Sanità, in Italia il privato pesa più della media Ue: 27 euro ogni 100

Sanità, in Italia il privato pesa più della media Ue: 27 euro ogni 100

Sanità, in Italia il privato pesa più della media Ue: 27 euro ogni 100

In Italia quasi 27 euro ogni 100 spesi per la salute provengono da fonti private, circa sette in più rispetto alla media dell’Unione europea. Nel ramo malattia, inoltre, la raccolta premi è salita del 12,1% nel 2024 e di un ulteriore 12,7% nei primi nove mesi del 2025.

I dati sono contenuti in un’indagine dell’Associazione Imprese Sanitarie Indipendenti (AISI), elaborata sulla base delle rilevazioni più recenti e comparabili di OECD, Commissione europea, European Observatory on Health Systems and Policies e IVASS, oltre che delle ultime evidenze scientifiche internazionali.

Le risorse private coprono quasi il 27% della spesa sanitaria italiana, contro circa il 20% della media Ue. Nel dettaglio, il 24% è costituito dai pagamenti diretti delle famiglie, mentre un ulteriore 3% passa attraverso le assicurazioni sanitarie volontarie. Quasi nove euro su dieci di questa componente sono quindi sostenuti direttamente dai cittadini. Le compartecipazioni obbligatorie rappresentano il 7,4% della spesa out-of-pocket.
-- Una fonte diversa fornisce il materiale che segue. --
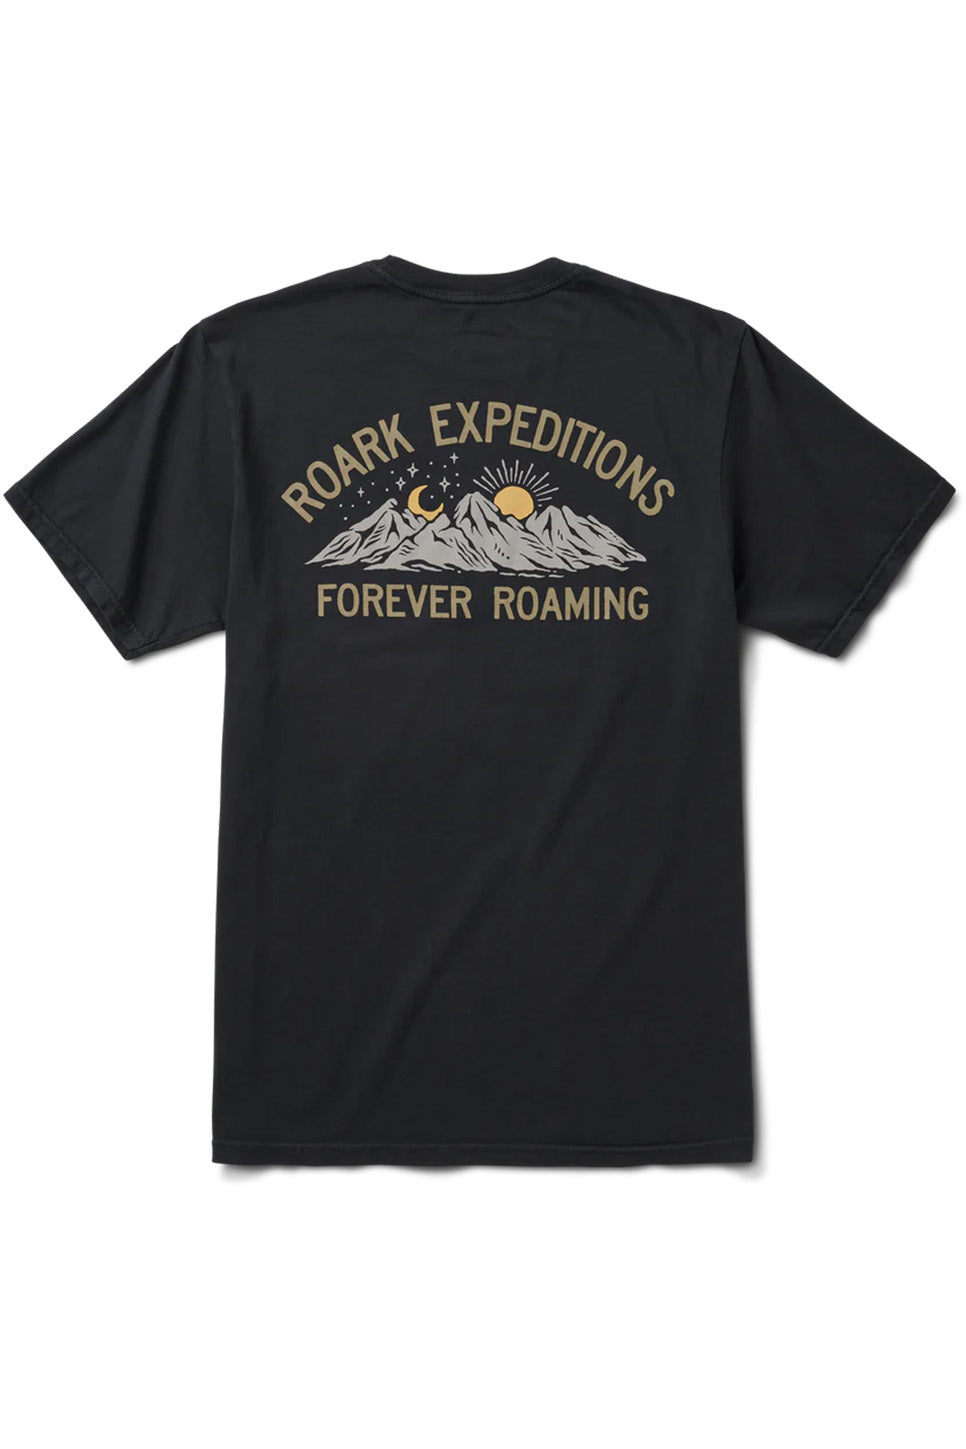 Roark - Expeditions Tee - Black - Back

Il divario con l’Europa è particolarmente evidente nell’assistenza ambulatoriale: in Italia la copertura pubblica raggiunge il 58% dei costi, rispetto al 77% della media Ue. OECD ed European Observatory collegano parte della differenza anche ai tempi di attesa per le visite specialistiche, che portano alcuni pazienti a cercare un accesso più rapido attraverso prestazioni private.
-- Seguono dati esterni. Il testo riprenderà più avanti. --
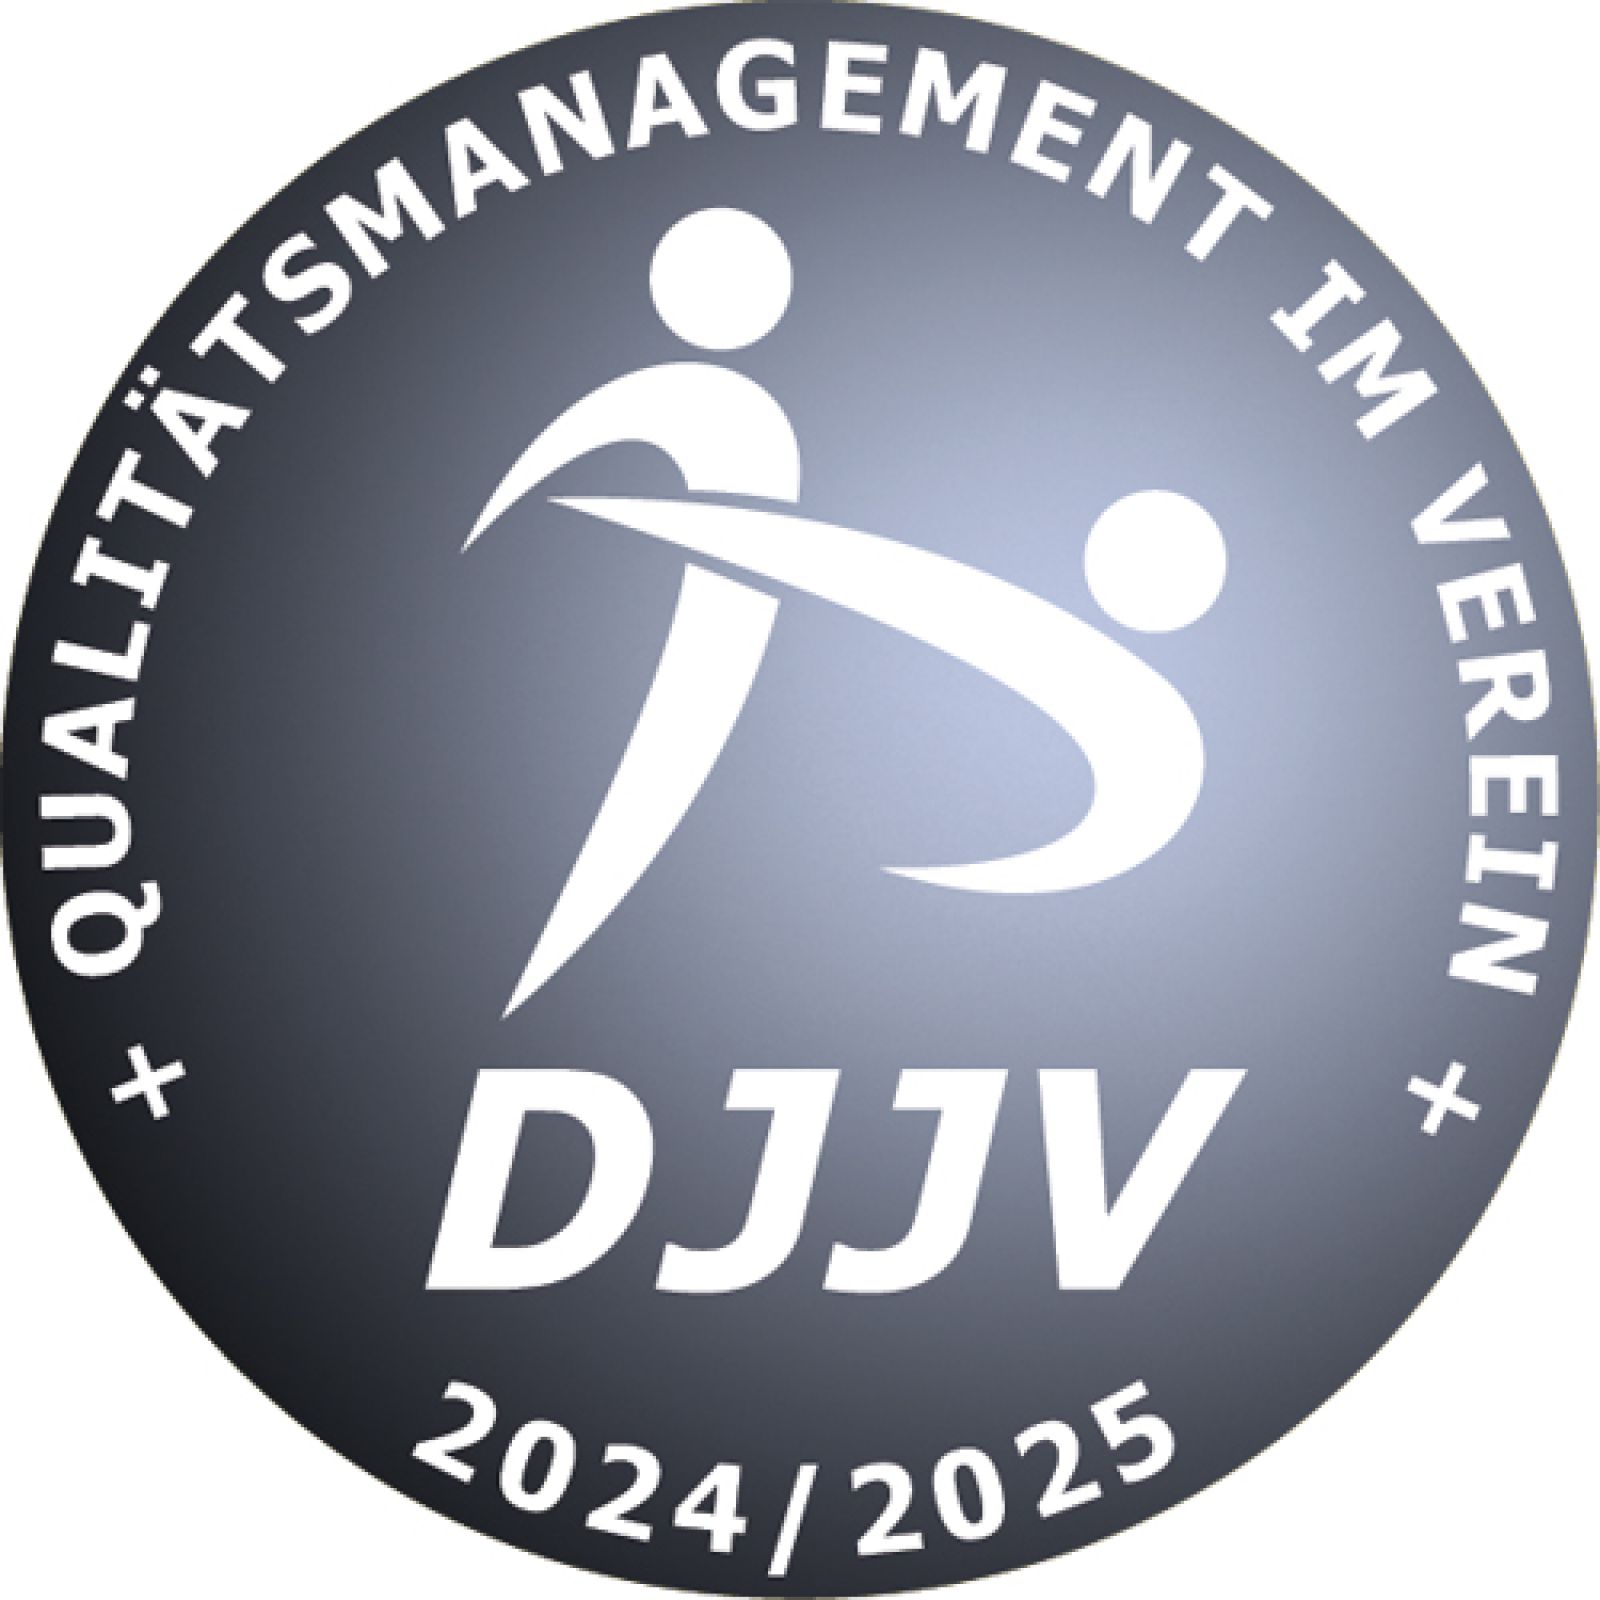 Judo-Club Limburg erhält Gütesiegel des DJJV

Secondo IVASS, nel 2024 la raccolta premi del ramo malattia ha raggiunto 4,403 miliardi di euro, il 12,1% in più rispetto al 2023. Nei primi nove mesi del 2025 il rialzo è proseguito con un ulteriore 12,7%. Il 49,5% dei premi proviene da polizze collettive collegate a fondi sanitari, il 12,8% da altre forme collettive e il 37,8% da polizze individuali.

AISI distingue tra privato accreditato, inserito nella programmazione sanitaria pubblica e negli accordi con i sistemi regionali, e pura solvenza, finanziata direttamente dai cittadini o attraverso fondi e assicurazioni.

Il confronto, precisa l’associazione, riguarda la provenienza delle risorse: i sistemi sanitari europei non sono sovrapponibili e differiscono per modelli assicurativi, accreditamento e rapporti tra erogatori pubblici e privati.

«Non vogliamo costruire una contrapposizione tra pubblico e privato, perché sarebbe una lettura vecchia e inutile», afferma la presidente AISI Karin Saccomanno. Per l’associazione, la capacità sanitaria già disponibile può contribuire ad alleggerire la pressione e ad ampliare le possibilità di cura, senza sostituire il Servizio sanitario nazionale né metterne in discussione il carattere universalistico.

C.S. AISI, G. Ch.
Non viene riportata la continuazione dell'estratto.